(Entries taken from a collection)
Start of Block

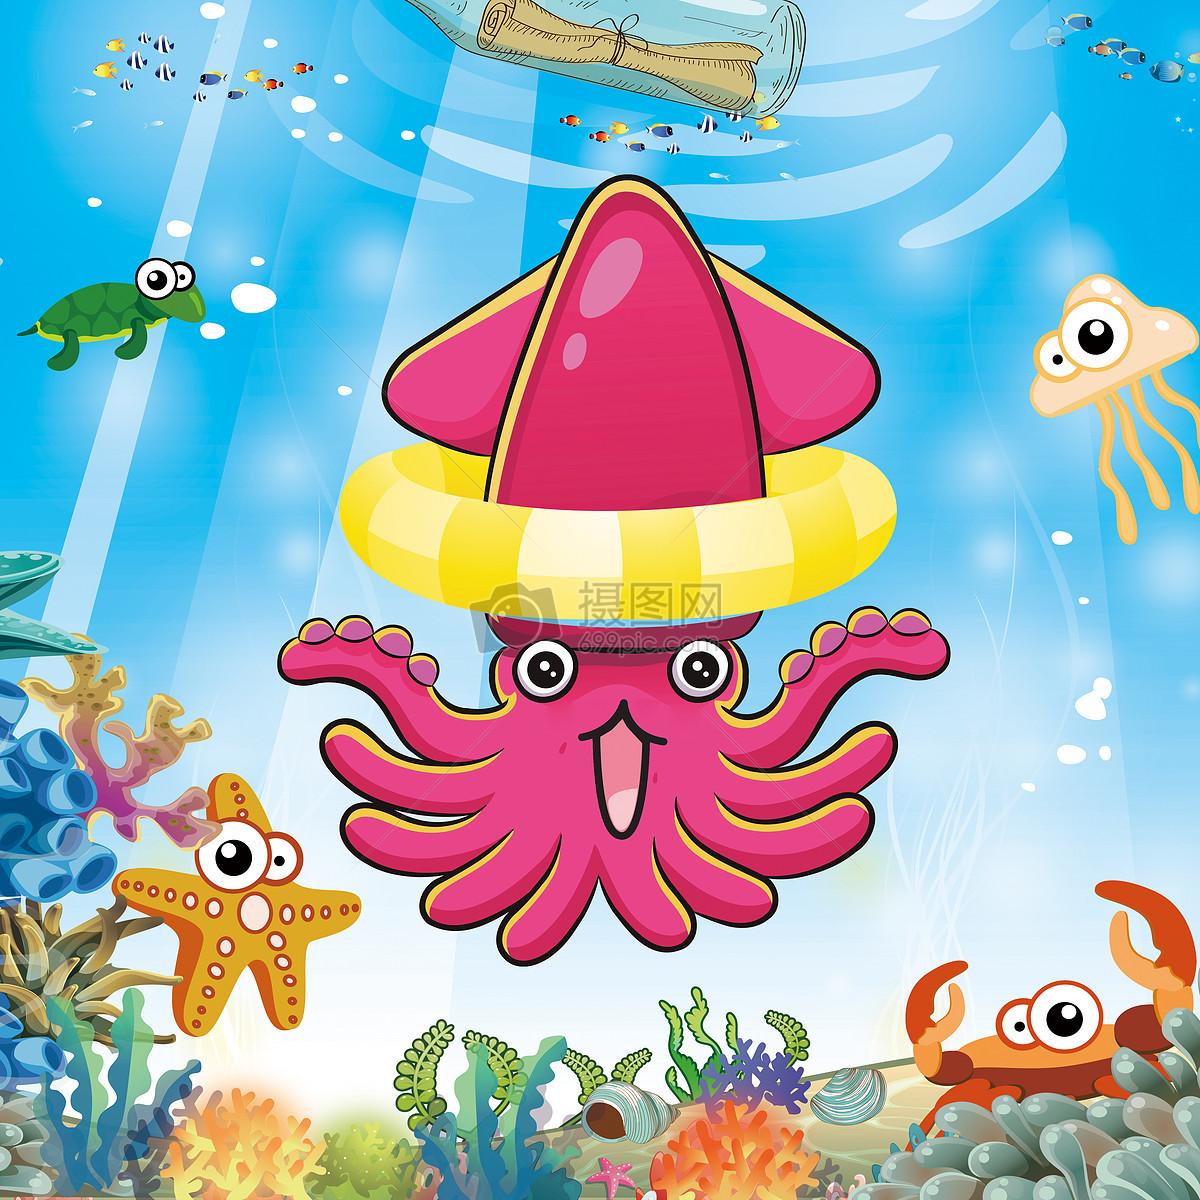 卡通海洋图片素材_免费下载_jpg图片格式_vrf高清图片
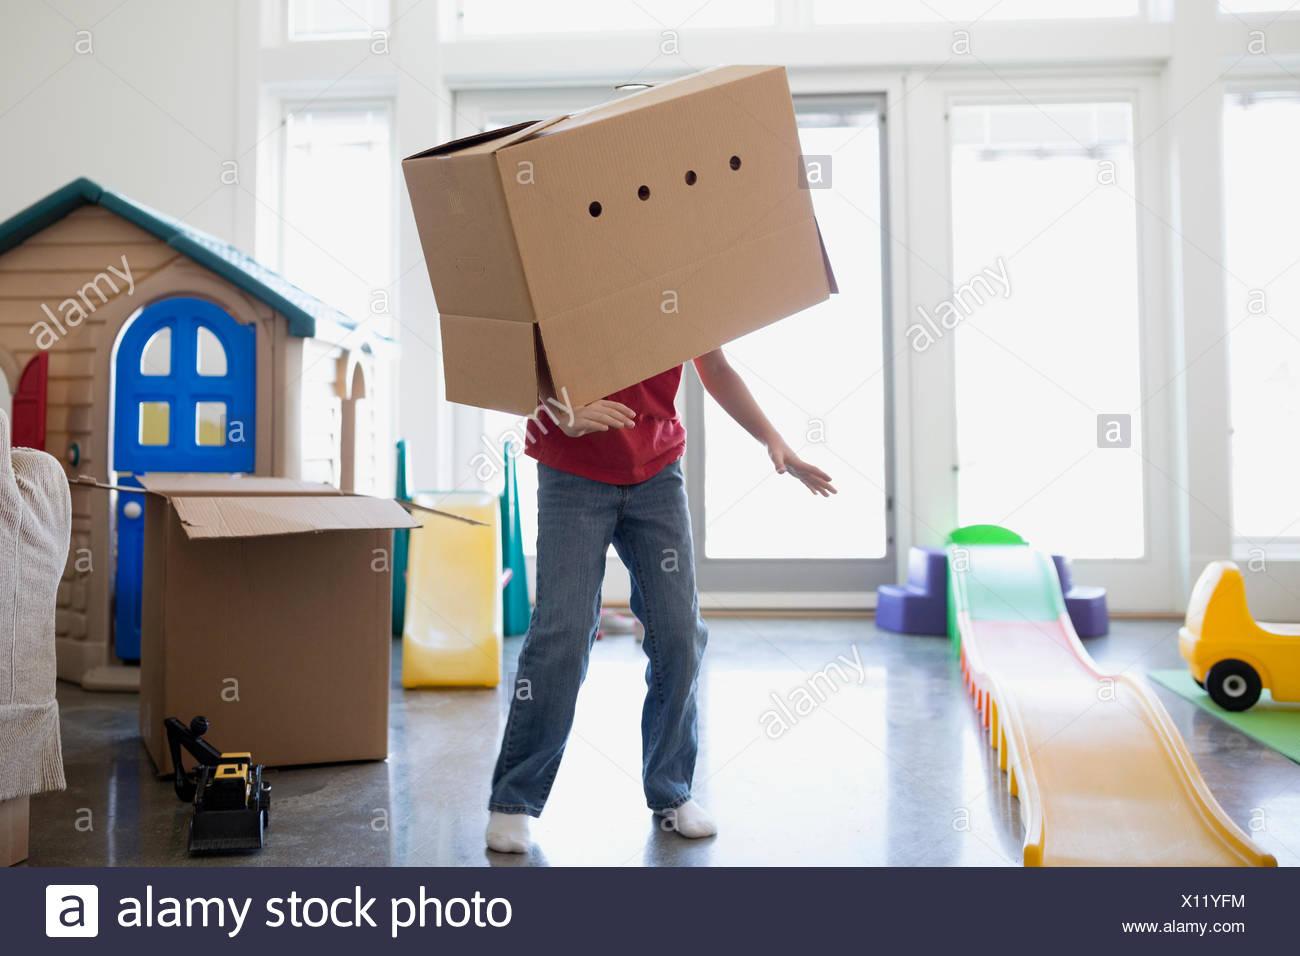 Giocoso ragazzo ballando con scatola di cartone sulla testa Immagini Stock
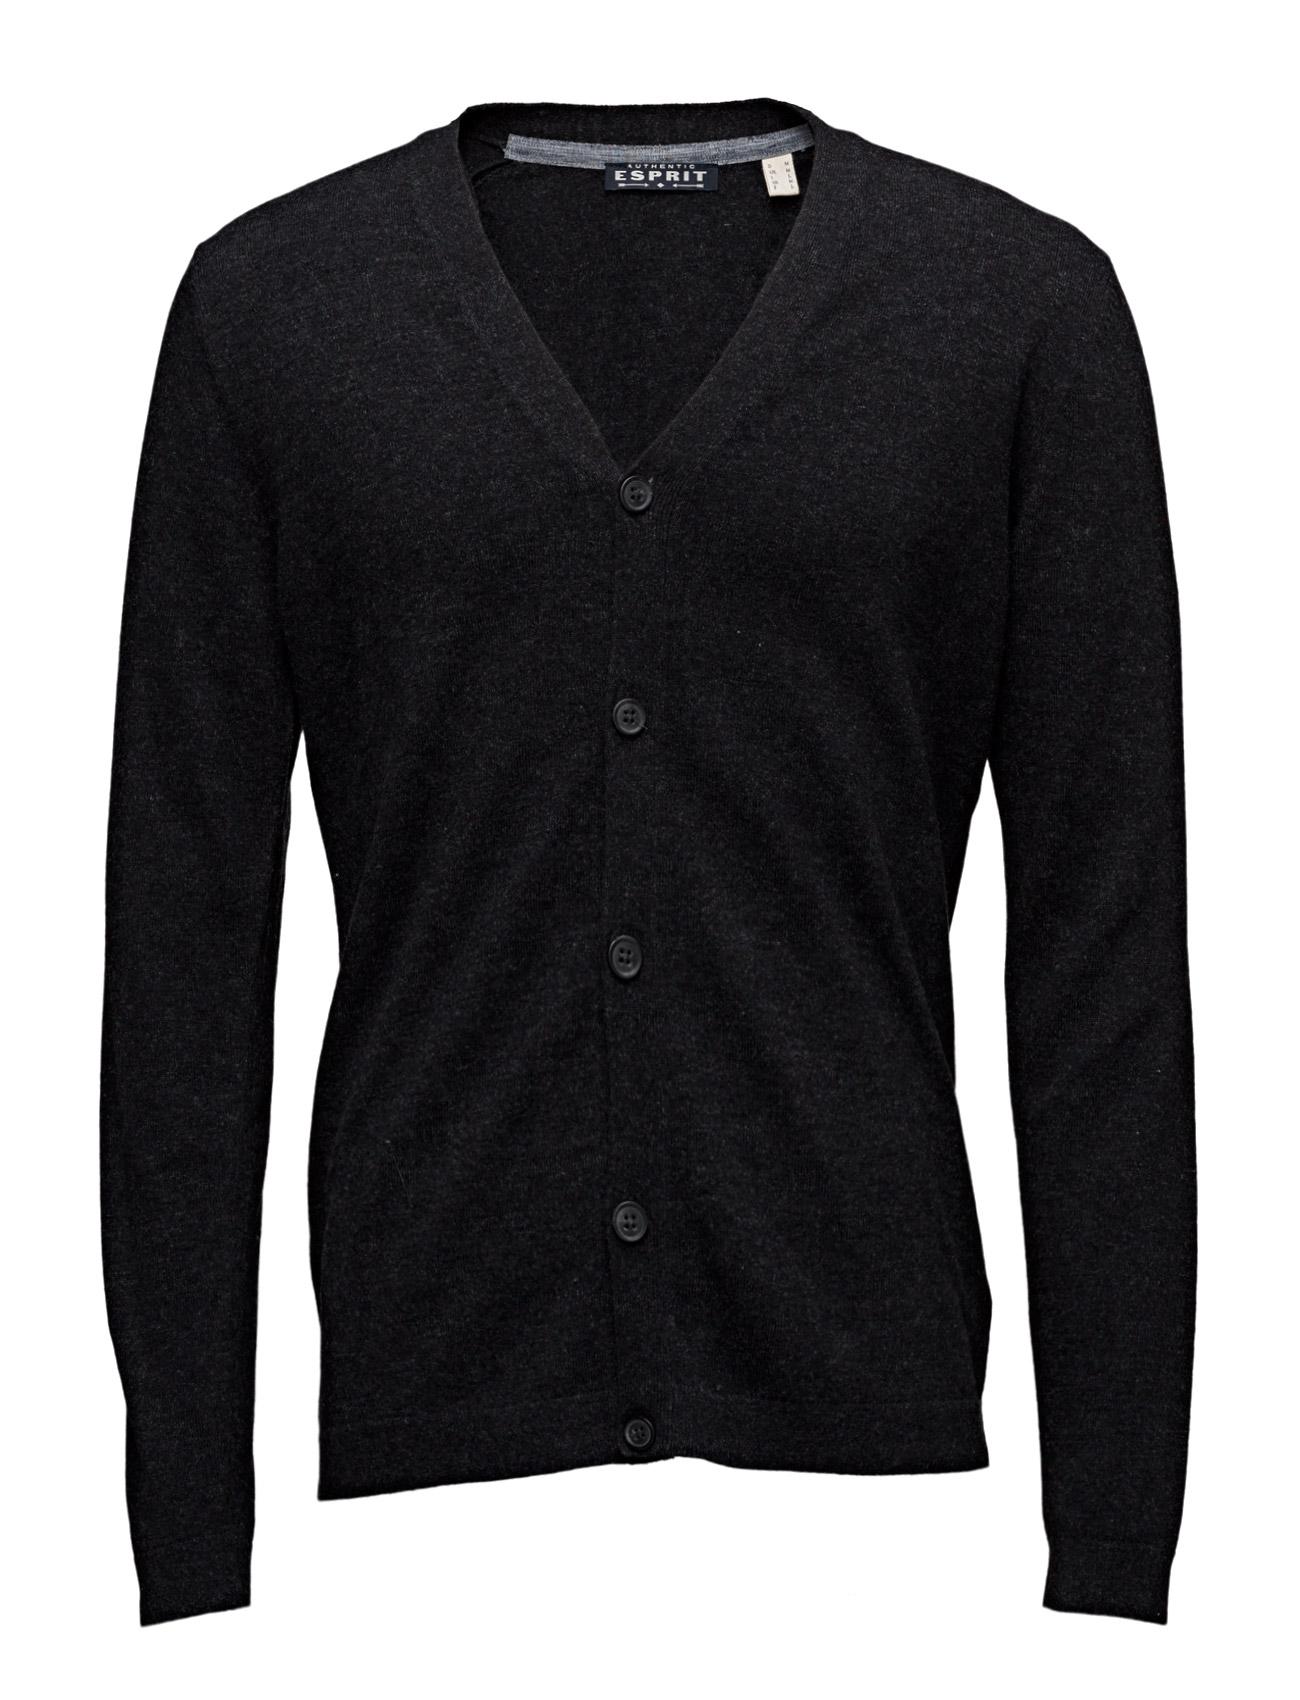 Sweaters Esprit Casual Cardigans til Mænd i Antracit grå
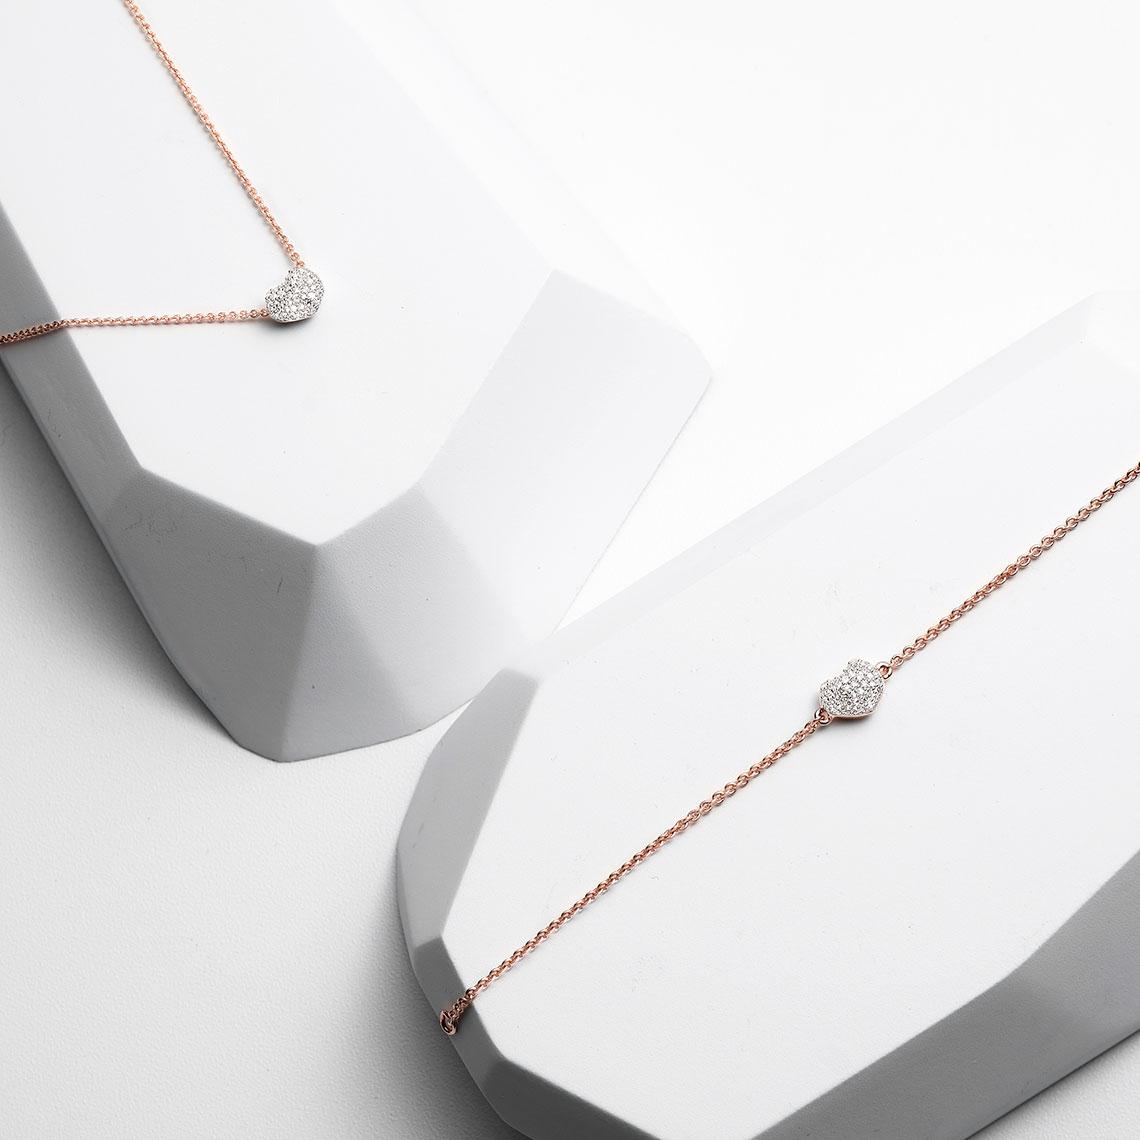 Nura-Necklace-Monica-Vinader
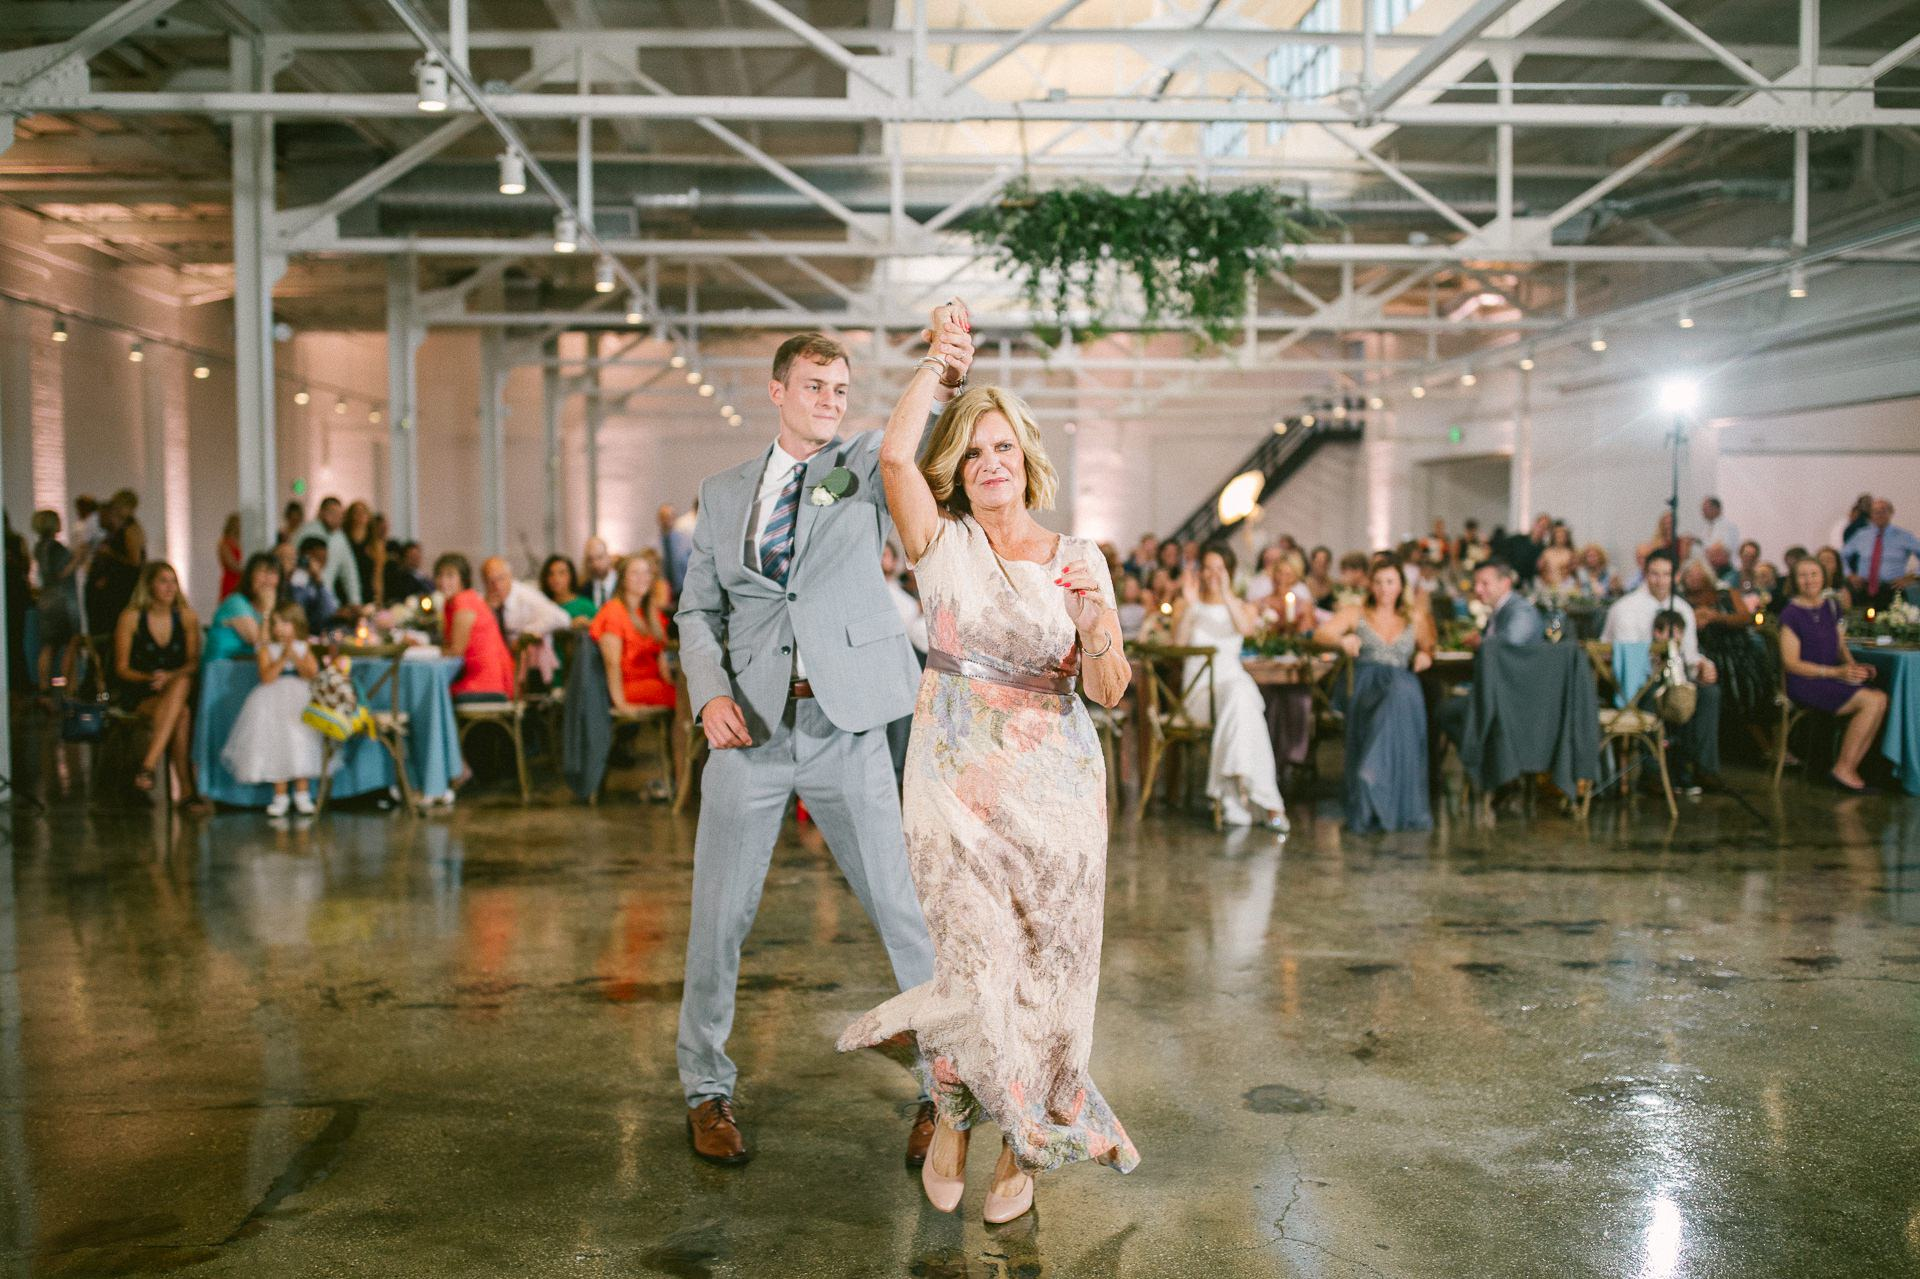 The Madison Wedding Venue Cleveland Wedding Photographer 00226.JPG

End of Block

- _REQUIRED WORK_
Set down the entries above exactly; no pictures belong in the copy.

- _ANSWER BELOW_
 卡通海洋图片素材_免费下载_jpg图片格式_vrf高清图片
 Giocoso ragazzo ballando con scatola di cartone sulla testa Immagini Stock
 Sweaters Esprit Casual Cardigans til Mænd i Antracit grå
 Nura-Necklace-Monica-Vinader
 The Madison Wedding Venue Cleveland Wedding Photographer 00226.JPG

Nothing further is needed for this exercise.